To enhance transparency in the sale of foreign exchange and strengthen corporate governance, the Central Bank of Nigeria (CBN), has warned microfinance banks (MFBs) against exceeding the mandate of their operating licence to engage in foreign exchange (FX) transactions.
The warning follows an observation by the apex bank of the activities of some MFBs, which “have gone beyond the remit of their operating licences by engaging in non-permissible activities especially wholesale banking, foreign exchange transactions and others.”
This latest action comes an earlier one in July banning Bureaux De Change (BDC) operators from official FX sales on the grounds of facilitating graft and corruption in the financial services system.
In a circular issued by the regulator titled: “Cessation of Non-permissible Activities by Microfinance Banks,” the CBN reiterated that “Given the comparatively low capitalization of MFBs, dealing in wholesale and or foreign exchange transactions are a significant risk with dire consequences for financial stability.”

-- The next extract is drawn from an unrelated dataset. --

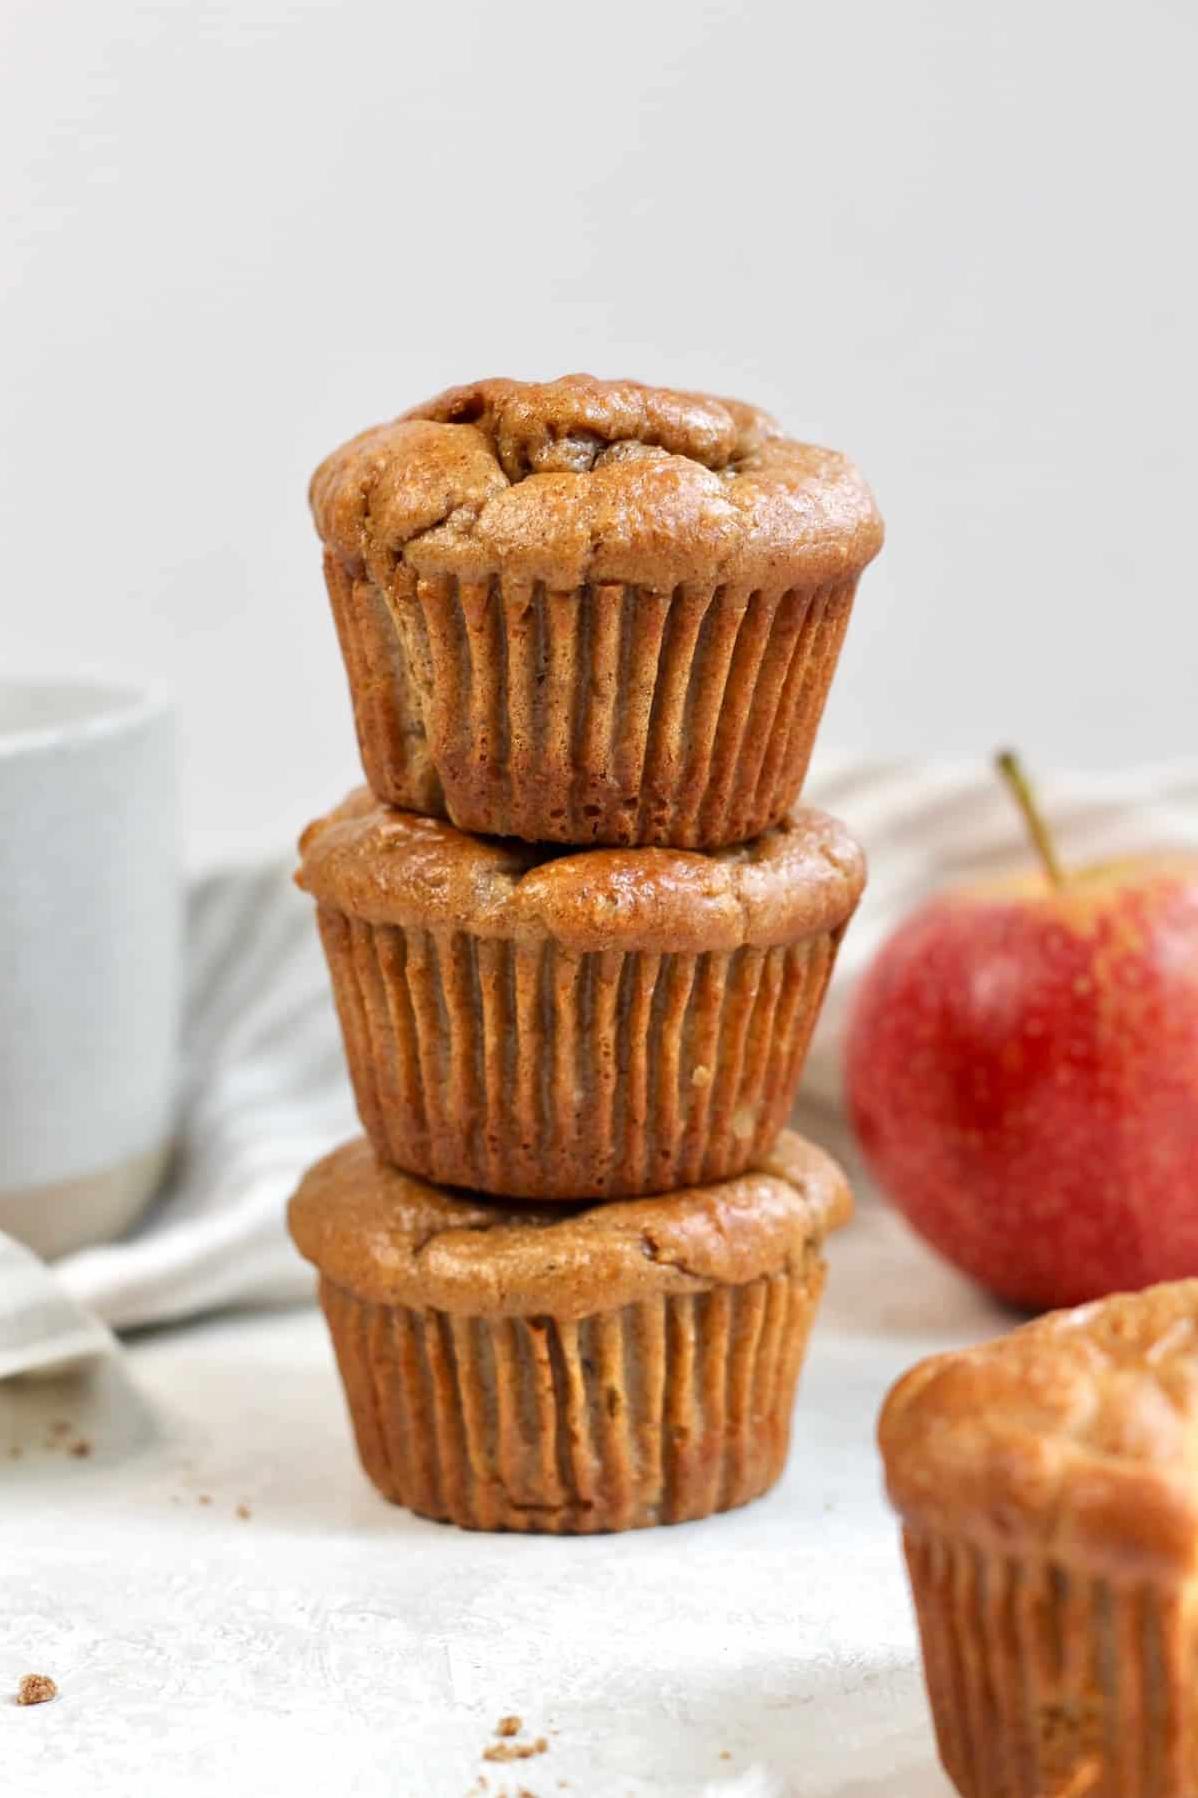  Who says gluten-free has to be boring? These muffins say otherwise!

The circular, referenced, FPRD/DIR/PUB/CIR/01/020, and signed by Ibrahim Tukur, of the Financial Policy and Regulatory Department, said given the underlying risk to the stability of the financial system; it became imperative for MFBs to operate strictly with “the extant revised regulatory and supervisory guidelines for microfinance banks in Nigeria 2012.”
MFIs and FX risks
MicroRate and Enterprise Research Institute in one of its reports on how Microfinance Institutions (MFIs) handle FX risk noted that operators face higher risk particularly those in developing countries where financial markets are underdeveloped.
Also, because the sums involved are small, the well-established methods of the international financial markets to deal with this issue are rarely useful.
Given the comparatively low capitalization of MFBs, dealing in wholesale and or foreign exchange transactions are a significant risk with dire consequences for financial stability.
According to the report titled: Foreign Exchange Risk and Microfinance Institutions: A Discussion of the Issues, while the number and popularity of MFIs are growing as they are largely instruments for poverty amelioration, they are still not able to deal with foreign exchange risk.
“In addition, because of financial market underdevelopment, domestic liquidity in most developing countries is notoriously variable and in many cases, expensive.”
Therefore, the CBN threatened to revoke the licence of any MFB that fails to comply with the regulation, and underscored that:
- MFBs are strictly prohibited from foreign exchange transactions
- MFBs are to primarily focus on providing financial services to retail and/or micro- clients.
- Micro-credit and retail transactions carried out by MFBs were limited to N500,000 per transaction for Tier 2 Unit MFB and N1 million for other categories.
- Micro-credit facilities shall constitute a minimum of 80 per cent of total loans for MFBs.